Olamilekan Massoud Agbeleshebioba arrived in the spotlight at a time when the world was ravenously in need of entertainment – the Nigerian singer’s wit merged with strategic gameplay had given him a superlative edge in the 2020 Big Brother Naija Lockdown Edition house which made him an “overnight” success.
Since finding fame, Laycon has struggled to extricate his musician persona from his reality show character in the eye of an ever-critique-minded audience. His music has often been reviewed under a pre-existing paradigm that comes with aspiring artists who break through via a reality tv show.
In the long run, this has affected the twenty-nine-year-old singer’s artistic appreciation- especially when he had released a decent Long Play debut such as 2021’s ‘Shall We Begin’- having his effort watered down to a dismissive crowd as mediocre and arty in the process.
Although ‘Shall We Begin’ wasn’t exactly what one would have called a masterpiece, it still conveyed the rapper’s brewing personality, talent, and versatility – despite being championed by bubblegum hits like ‘Verified’ (Feat Mayorkun).

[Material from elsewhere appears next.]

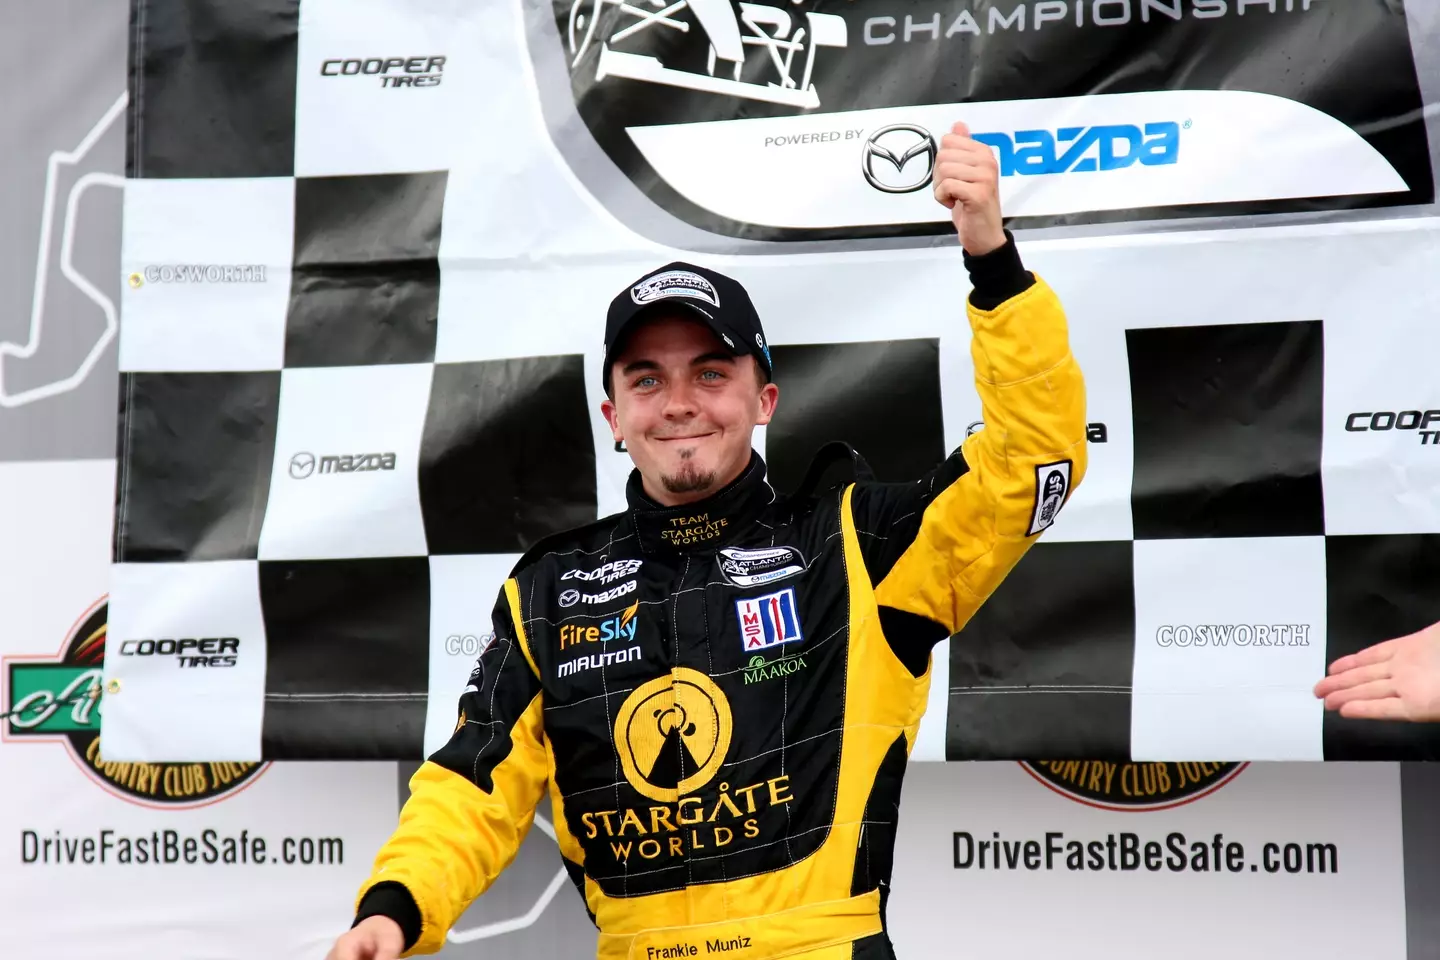 Frankie Muniz has been into racing for a while.

Laycon’s Sophomore ‘Bioba’ however differs exponentially from his debut in many ways than one. Bioba is a reverse case of the “sophomore curse”- outshining its predecessor with its dynamic music productions, songwriting, sequencing, overall delivery, and Woah!… When did Laycon learn to sing in such controlled textures?
With the sophomore project Laycon notably steers clear from adopting the South African Amapiano rave, rather exploring sonics from zones such as Arab (Odumodu In A Picanto), and traditional Western mainstream sonic influences like Hip-hop, Grime, Trap music, and Rhythm and Blues and Afro- Pop.
‘Bioba’ is Laycon’s clap back at the hefty denunciation thrown towards him in the recent past- more of a self-proclamation than a clap back in retrospect. Laycon yearns to assert his innate coronation as a “King ” in his own words ( Peruzzi’s Interlude), he seems to have found the joy of self-discovery – amidst the chatter and chaos.
The thirteen-track body of work is a reflection of the background work that has gone into play, Laycon’s growth is evident in each track even when he maintains old sonic theatrics in records like ‘Remember Me’ and ‘Peruzzi’s Interlude’.